EXERCISE: Keep the lines exact and the pictures out as you repeat the following listing.

DATA:
^^^^
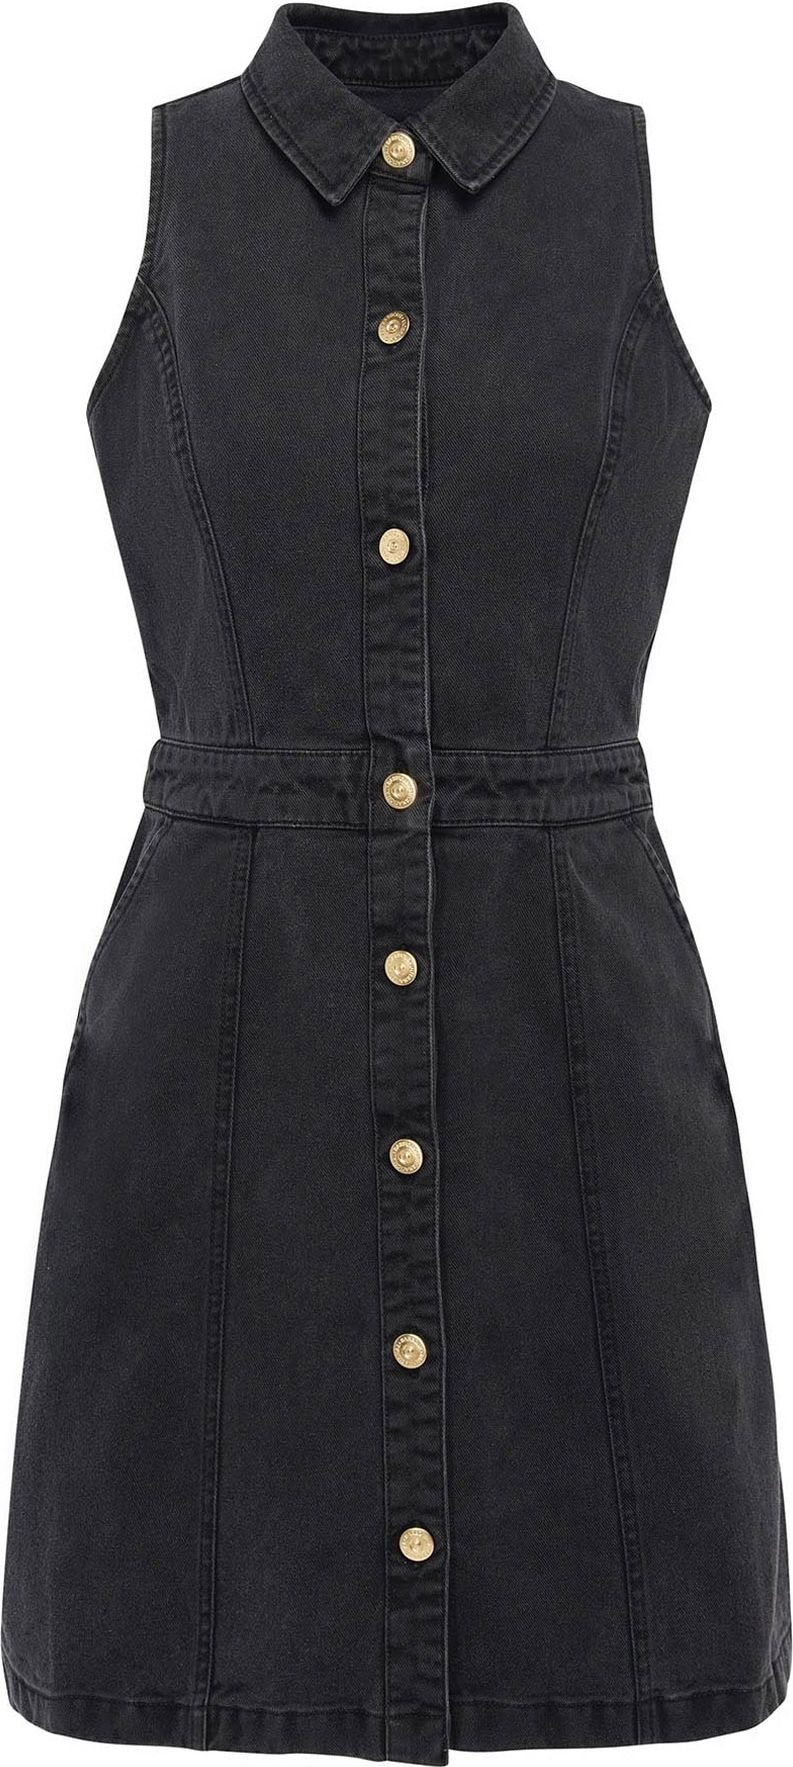 Barbour International Košilové šaty 'Lockhart' černá džínovina
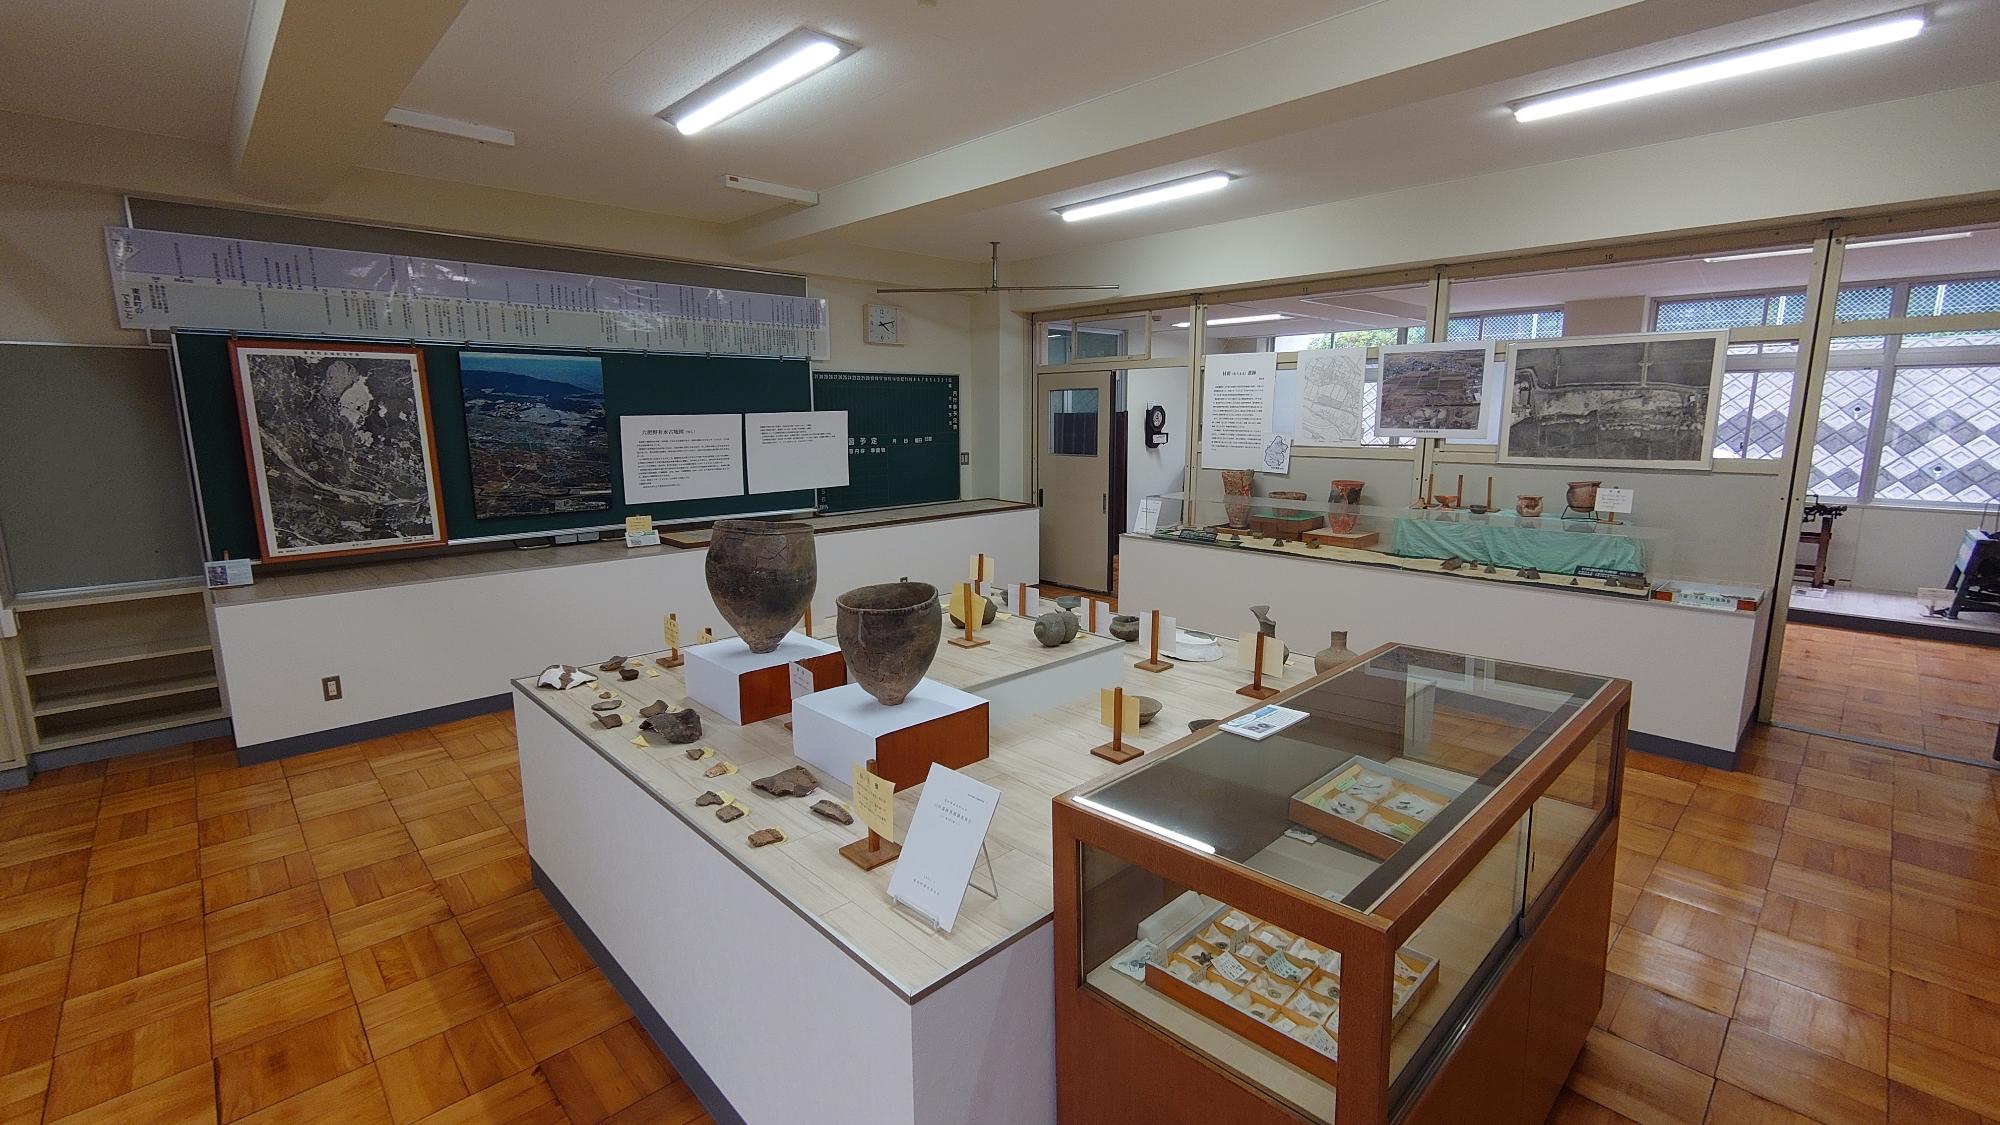 発掘出土品を展示している元教室を利用した東員町郷土資料館内部の写真1
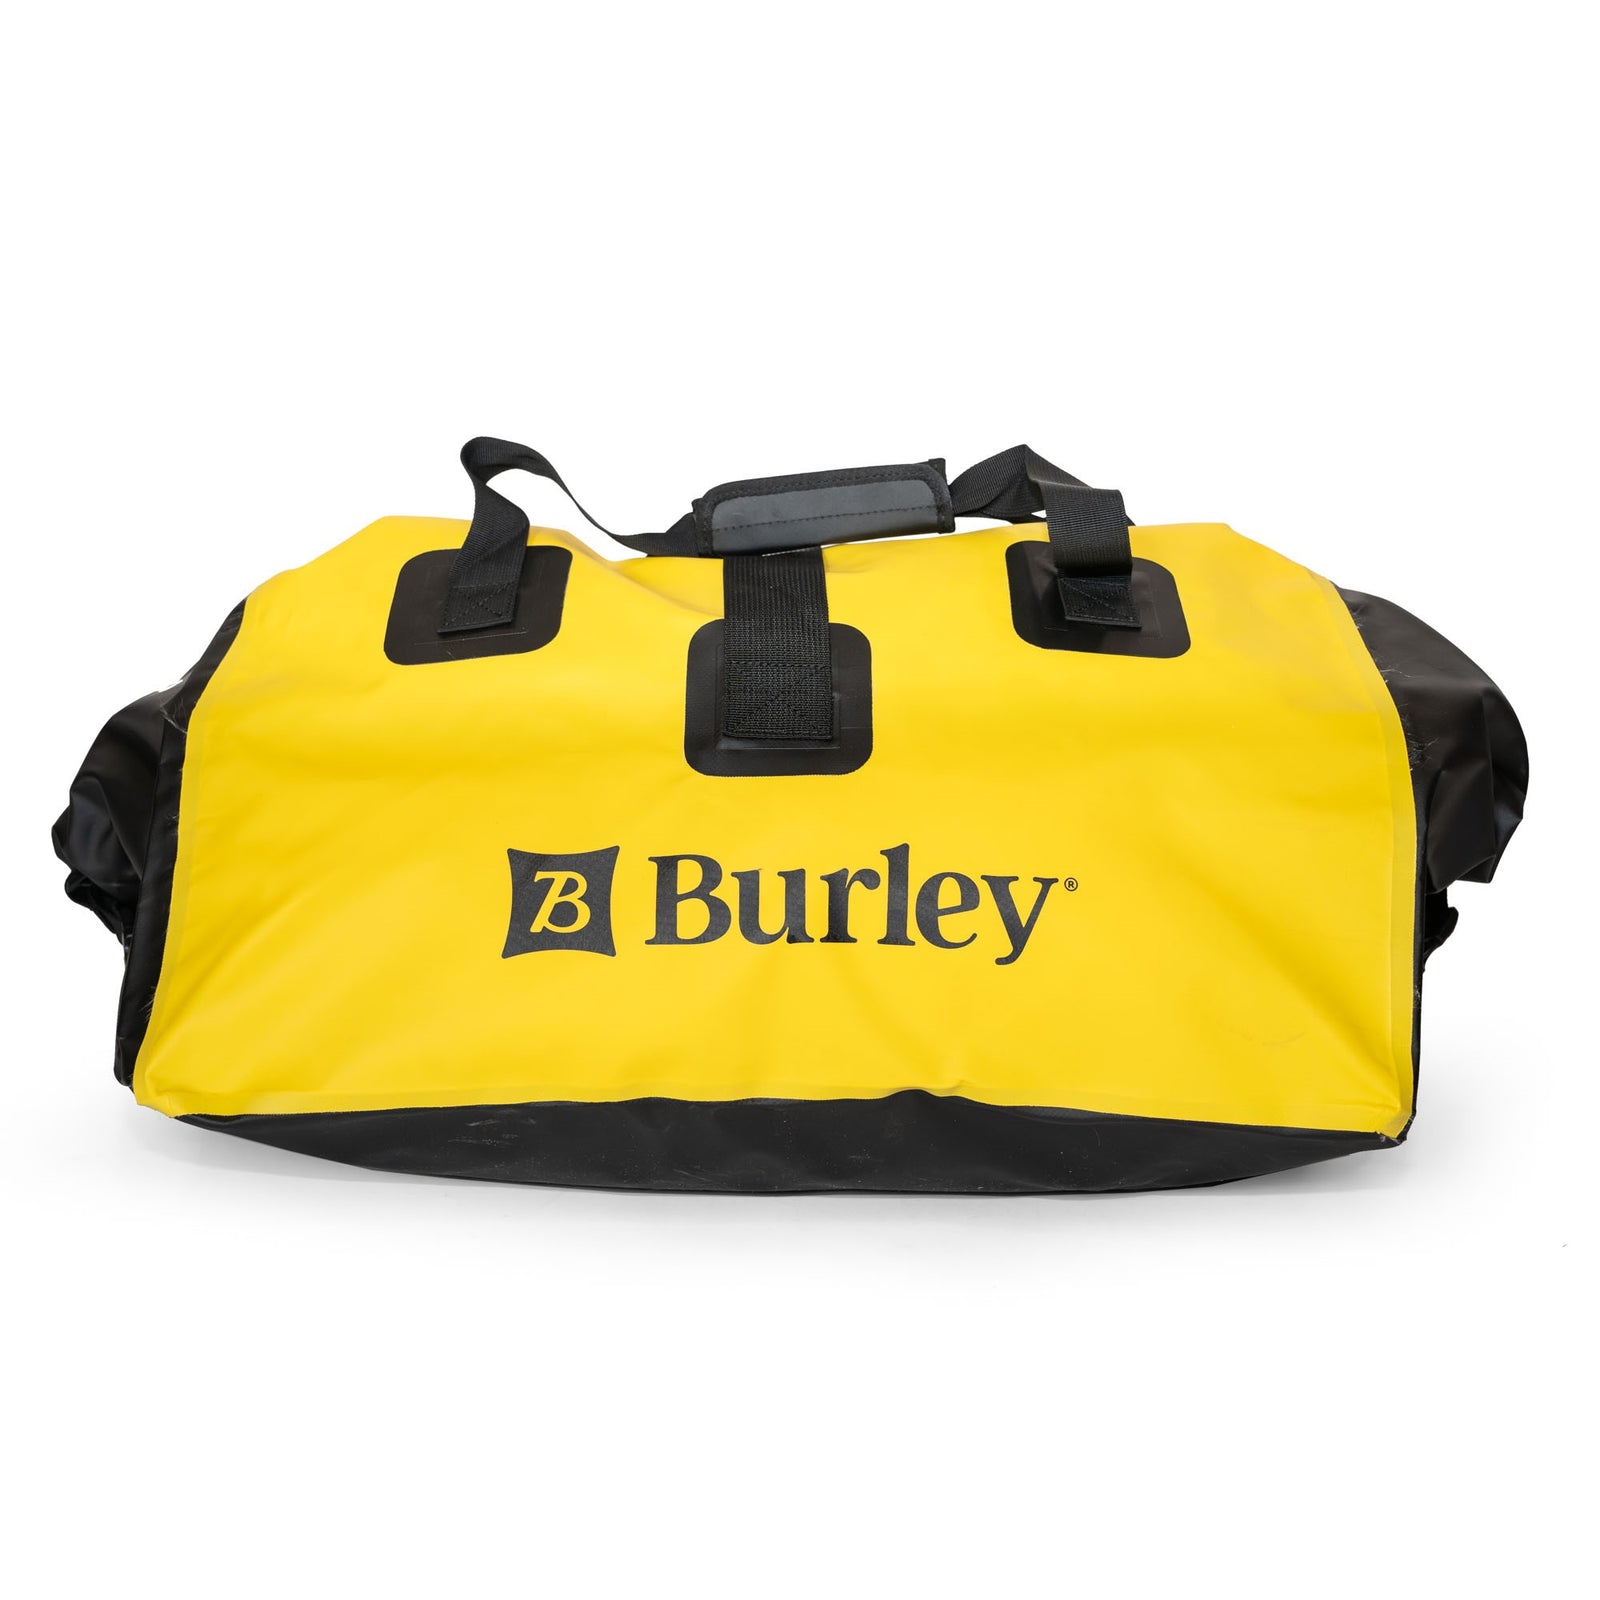 Bike Cargo Accessories - Burley
^^^^
RESULT:
 Barbour International Košilové šaty 'Lockhart' černá džínovina
 発掘出土品を展示している元教室を利用した東員町郷土資料館内部の写真1
 Bike Cargo Accessories - Burley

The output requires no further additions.